The huge settlement filed in federal court Tuesday gives the first indication of the financial cost to the German auto giant of the months-long scandal unfolding on both sides of the Atlantic over its fraudulent practices.
Under the deal, Volkswagen agreed to create a pool of $10 billion to compensate owners and pay a $2.7 billion environmental penalty that will help remediate pollution around the United States.
The company will invest an additional $2.0 billion ‘to create infrastructure for and promote public awareness of zero emission vehicles,’ the court filing showed.
The settlement, which must be approved by a federal judge in San Francisco who is overseeing the litigation, could affect some 480,000 owners of Volkswagens and Audis with 2.0-liter diesel engines.
Deputy US Attorney General Sally Yates told a news conference the investigation is not yet over.
‘This partial settlement marks a significant first step towards holding Volkswagen accountable for what was a breach of its legal duties and a breach of the public's trust,’ she said.
‘And while this announcement is an important step forward, let me be clear, it is by no means the last. We will continue to follow the facts wherever they go.’
Yates noted that the settlement does not cover civil penalties for violations of the Clean Air Act or a criminal investigation. The deal does not affect a parallel probe into the company's 3.0-liter diesel engines.
- 'Can't undo damage' -
She said however the deal would offer compensation to consumers and help remediate air pollution.
‘We can't undo the damage that Volkswagen caused to our air quality but what we can do is offset that damage by reducing pollution from other sources,’ she said.
Volkswagen admitted in September that it had installed software in the vehicles that tricked US emissions tests into showing the cars met environmental standards.
The affected vehicles include 2009 through 2015 Volkswagen TDI diesel models of Jettas, Passats, Golfs and Beetles as well as the TDI Audi A3.
The device switched off after testing, enabling the vehicles to spew up to 40 times the permitted amounts of nitrogen oxides.

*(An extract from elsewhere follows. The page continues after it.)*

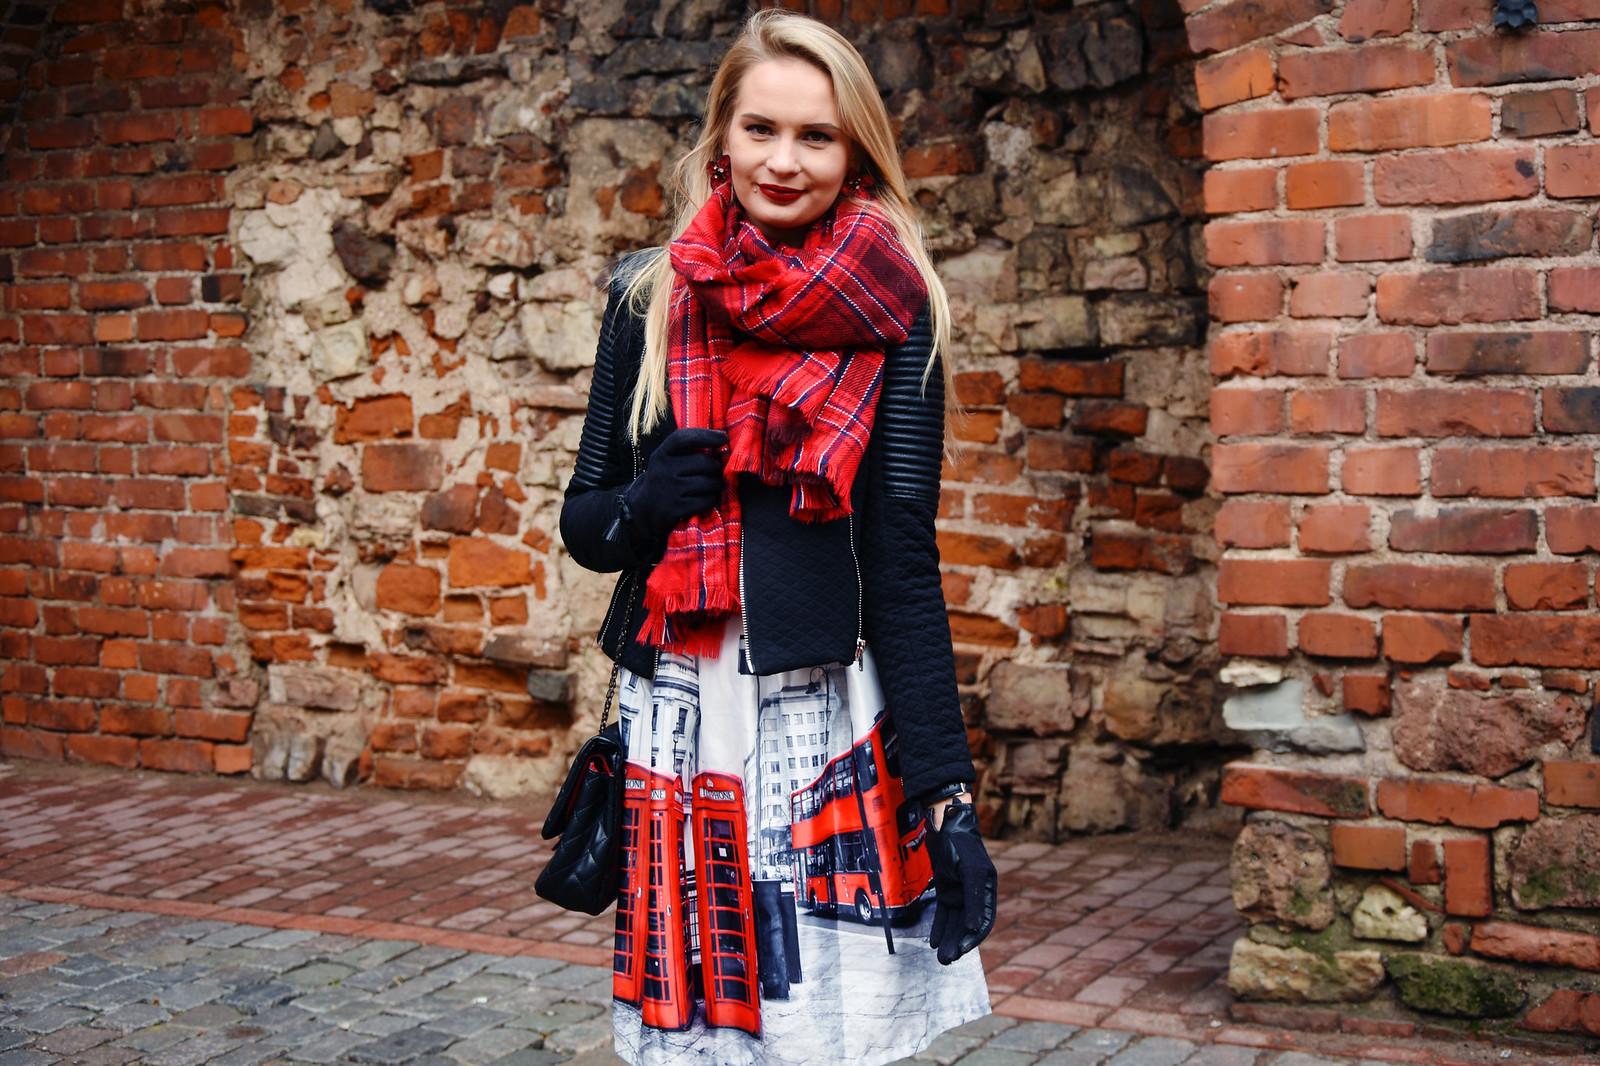 Styling a tartan scarf

Volkswagen -- which had an annual turnover of 210 billion euros for 2015 -- has set aside 16.2 billion euros ($17.9 billion) to cover costs from the scandal including the legal risks.

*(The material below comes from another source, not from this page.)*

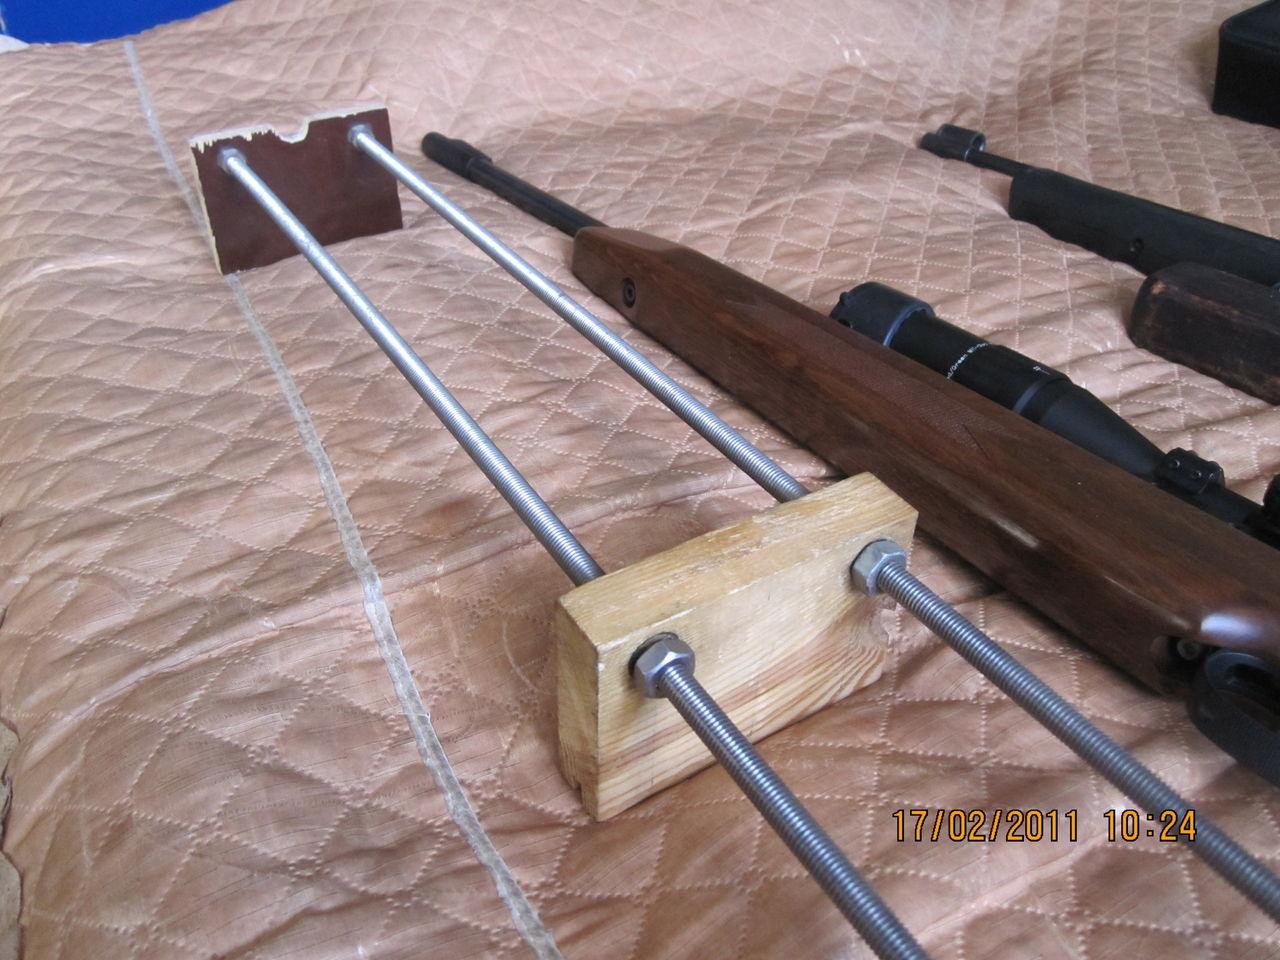 Пружина для пневматической винтовки своими руками

The auto giant is facing similar charges and litigation in Europe and elsewhere for the same issues.
Tuesday's settlement filed with Judge Charles Breyer would settle claims from the US government as well as a large number of plaintiffs including owners, lessees and dealers.
Volkswagen agreed under the deal to buy back the emissions-cheating vehicles at their market prices before the scandal broke late last year, at prices ranging from $12,475 for the 2009 Jetta Sedan to more than $44,000 for some 2015 Audi models.
The owners also have the option of letting Volkswagen modify the cars to meet US pollution standards, if a fix is approved by environmental officials.
In either case, the owners would also get a cash settlement ranging from $5,100 to $10,000 depending on the vehicle.
The deal also allows consumers who leased one of the affected vehicles to have the lease terminated at no cost, and calls for Volkswagen to pay off loans still owed by some owners.
‘Consumers who were cheated by Volkswagen's deceptive advertising campaign will be able to get full and fair compensation, not only for the lost or diminished value of their car but also for the other harms that VW caused them,’ said Federal Trade Commission chair Edith Ramirez.